The foregoing description of the Purchase Agreement is not complete and is subject to, and qualified in its entirety by, the full text of the Purchase Agreement, which is attached as Exhibit 10.1 to this Current Report on Form 8-K and incorporated herein by reference.
Collaboration Agreement
Concurrently with the execution of the Merger Agreement, Caladrius and Cend entered into a Collaboration Agreement (the “Collaboration Agreement”), pursuant to which Caladrius and Cend agreed to collaborate on certain developmental and clinical activities prior to the closing of the Merger. Under the Collaboration Agreement, Caladrius and Cend will form a joint steering committee (the “Committee”) comprised of individuals from both entities. The Committee will meet regularly and be responsible for monitoring ongoing studies and making recommendations for development activity and trial planning. Cend has agreed to pay each member of the Committee from Caladrius an hourly consulting fee for such service.
The foregoing description of the Collaboration Agreement is not complete and is subject to, and qualified in its entirety by, the full text of the Collaboration Agreement, which is attached as Exhibit 10.2 to this Current Report on Form 8-K and incorporated herein by reference.
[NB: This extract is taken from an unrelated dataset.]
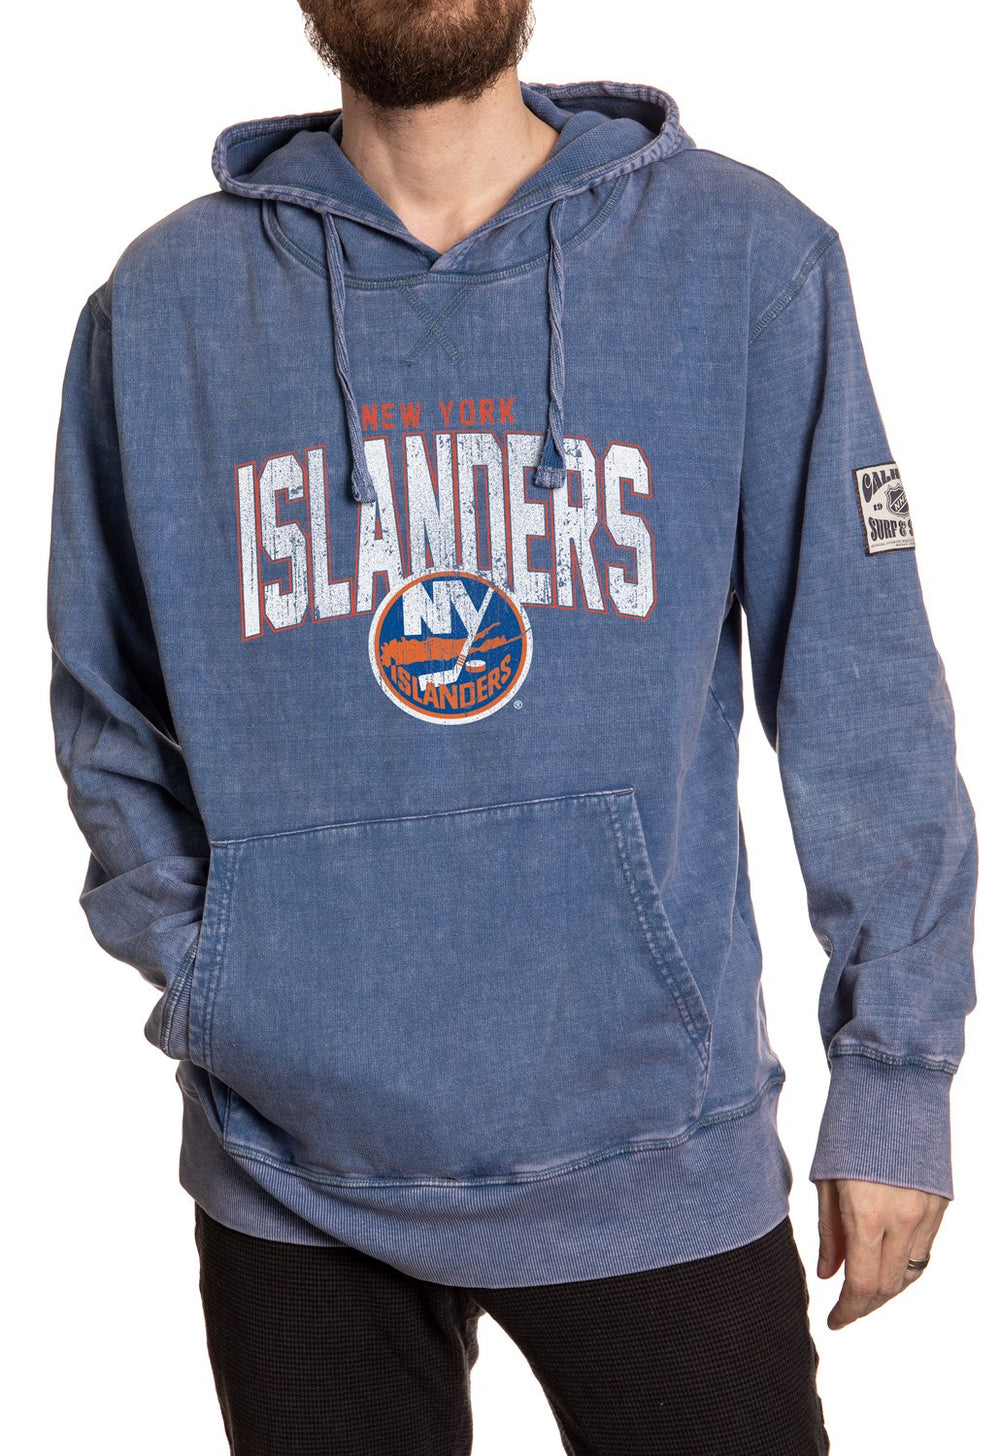 Mens NHL New York Islanders Hoodies & Sweatshirts Tops, Clothing
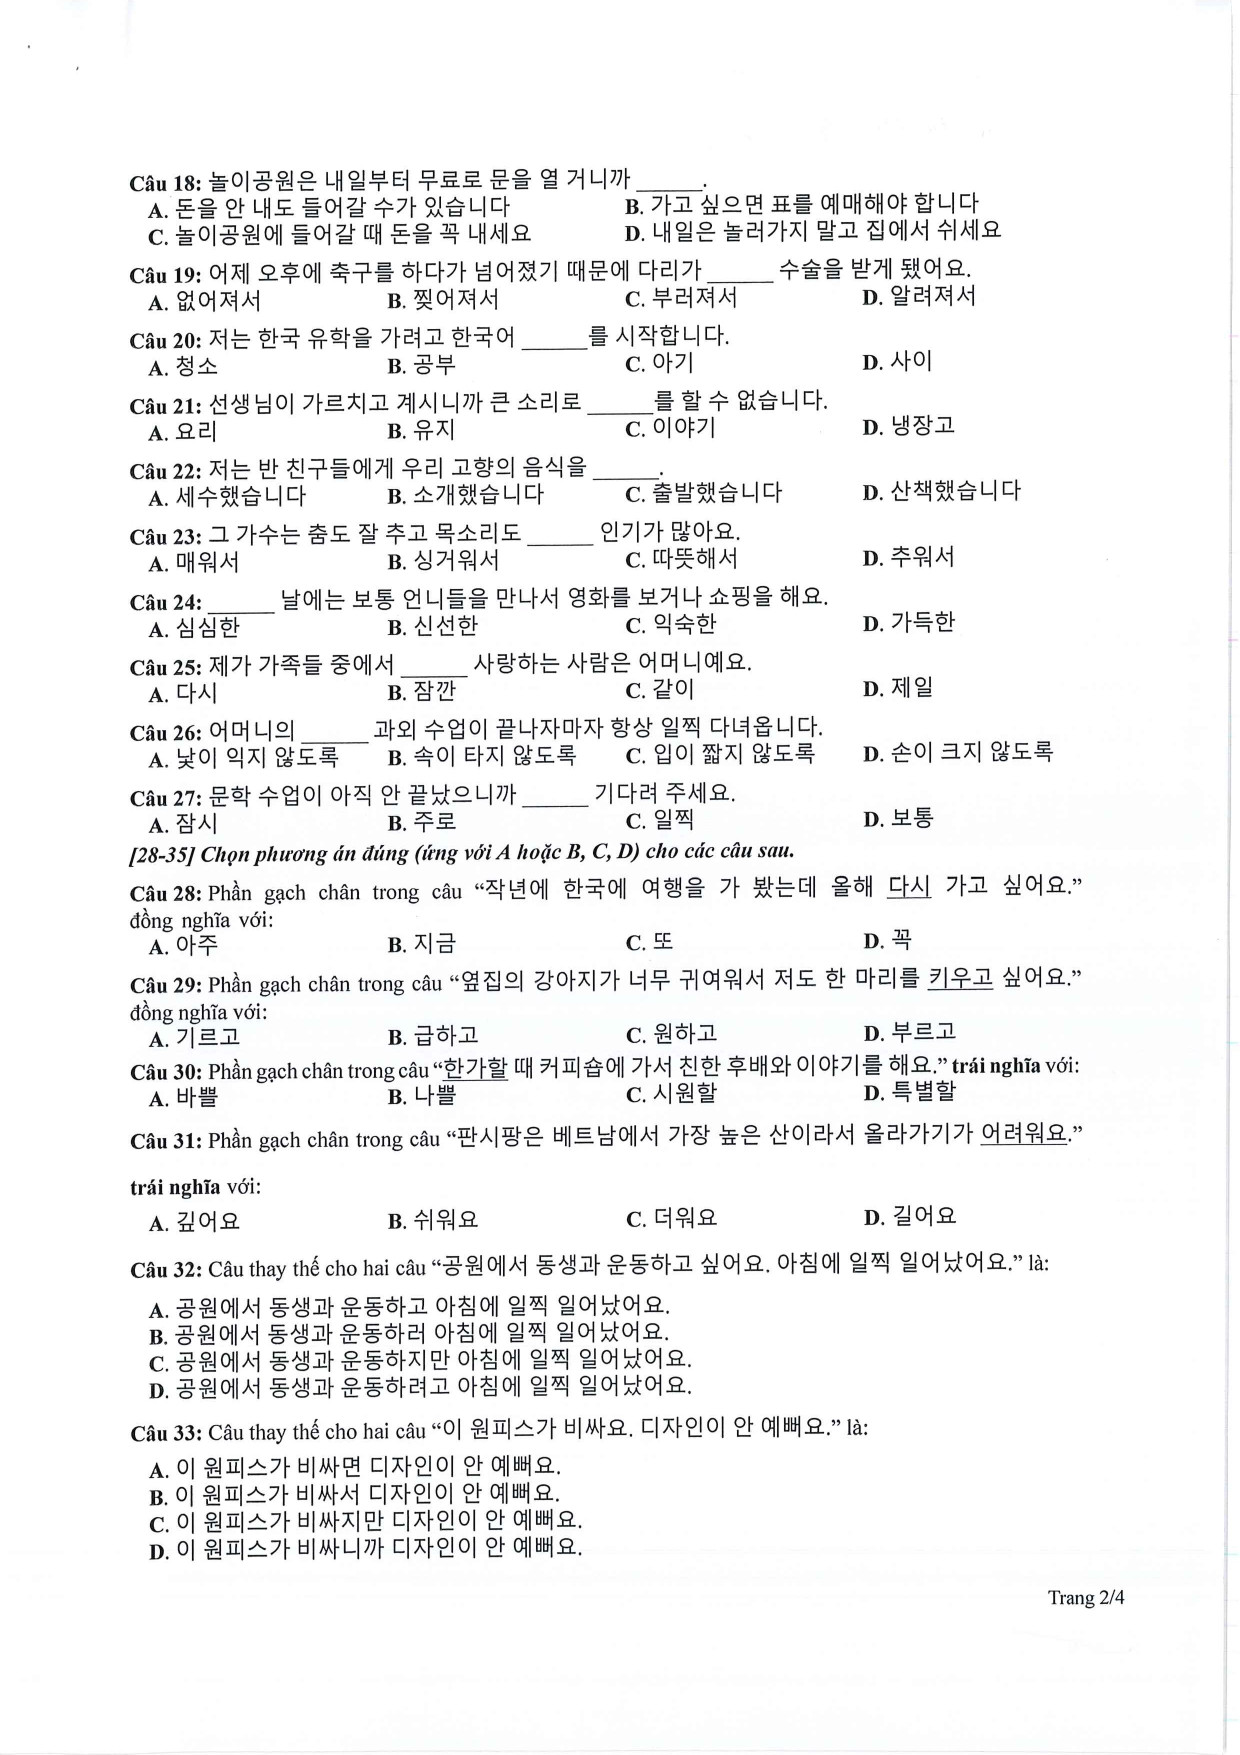 Đề tham khảo tốt nghiệp THPT môn Tiếng Hàn năm 2024 (có đáp án chi tiết) (ảnh 1)

Forward-Looking Statements
This communication contains “forward-looking statements” that involve substantial risks and uncertainties for purposes of the safe harbor provided by the Private Securities Litigation Reform Act of 1995. All statements, other than statements of historical facts, included in this communication regarding strategy, future operations, future financial position, future revenue, projected expenses, prospects, plans and objectives of management are forward-looking statements. In addition, when or if used in this communication, the words “may,” “could,” “should,” “anticipate,” “believe,” “estimate,” “expect,” “intend,” “plan,” “predict” and similar expressions and their variants, as they relate to Caladrius, Cend or the management of either company, before or after the aforementioned merger, may identify forward-looking statements. Examples of forward-looking statements include, but are not limited to, statements relating to the timing and completion of the proposed merger; Caladrius’s continued listing on the Nasdaq Capital Market until closing of the proposed merger; the combined company’s listing on the Nasdaq Capital Market after closing of the proposed merger; expectations regarding the capitalization, resources and ownership structure of the combined company; the approach Cend is taking to discover and develop novel therapeutics; the adequacy of the combined company’s capital to support its future operations and its ability to successfully initiate and complete clinical trials; the
difficulty in predicting the time and cost of development of Cend’s product candidates; the nature, strategy and focus of the combined company; the executive and board structure of the combined company; and expectations regarding voting by Caladrius’s and Cend’s stockholders. Actual results could differ materially from those contained in any forward-looking statement as a result of various factors, including, without limitation: the risk that the conditions to the closing of the transaction are not satisfied, including the failure to timely or at all obtain stockholder approval for the transaction; uncertainties as to the timing of the consummation of the transaction and the ability of each of Caladrius and Cend to consummate the transaction; risks related to Caladrius’s ability to correctly estimate its operating expenses and its expenses associated with the transaction; the ability of Caladrius or Cend to protect their respective intellectual property rights; unexpected costs, charges or expenses resulting from the transaction; potential adverse reactions or changes to business relationships resulting from the announcement or completion of the transaction; and legislative, regulatory, political and economic developments. The foregoing review of important factors that could cause actual events to differ from expectations should not be construed as exhaustive and should be read in conjunction with statements that are included herein and elsewhere, including the risk factors included in Caladrius’s Annual Report on Form 10-K filed with the SEC on March 22, 2022. Caladrius can give no assurance that the conditions to the transaction will be satisfied. Except as required by applicable law, Caladrius undertakes no obligation to revise or update any forward-looking statement, or to make any other forward-looking statements, whether as a result of new information, future events or otherwise.
No Offer or Solicitation
This communication is not intended to and does not constitute an offer to sell or the solicitation of an offer to subscribe for or buy or an invitation to purchase or subscribe for any securities or the solicitation of any vote in any jurisdiction pursuant to the proposed transaction or otherwise, nor shall there be any sale, issuance or transfer of securities in any jurisdiction in contravention of applicable law. No offer of securities shall be made except by means of a prospectus meeting the requirements of Section 10 of the United States Securities Act of 1933, as amended. Subject to certain exceptions to be approved by the relevant regulators or certain facts to be ascertained, the public offer will not be made directly or indirectly, in or into any jurisdiction where to do so would constitute a violation of the laws of such jurisdiction, or by use of the mails or by any means or instrumentality (including without limitation, facsimile transmission, telephone and the internet) of interstate or foreign commerce, or any facility of a national securities exchange, of any such jurisdiction.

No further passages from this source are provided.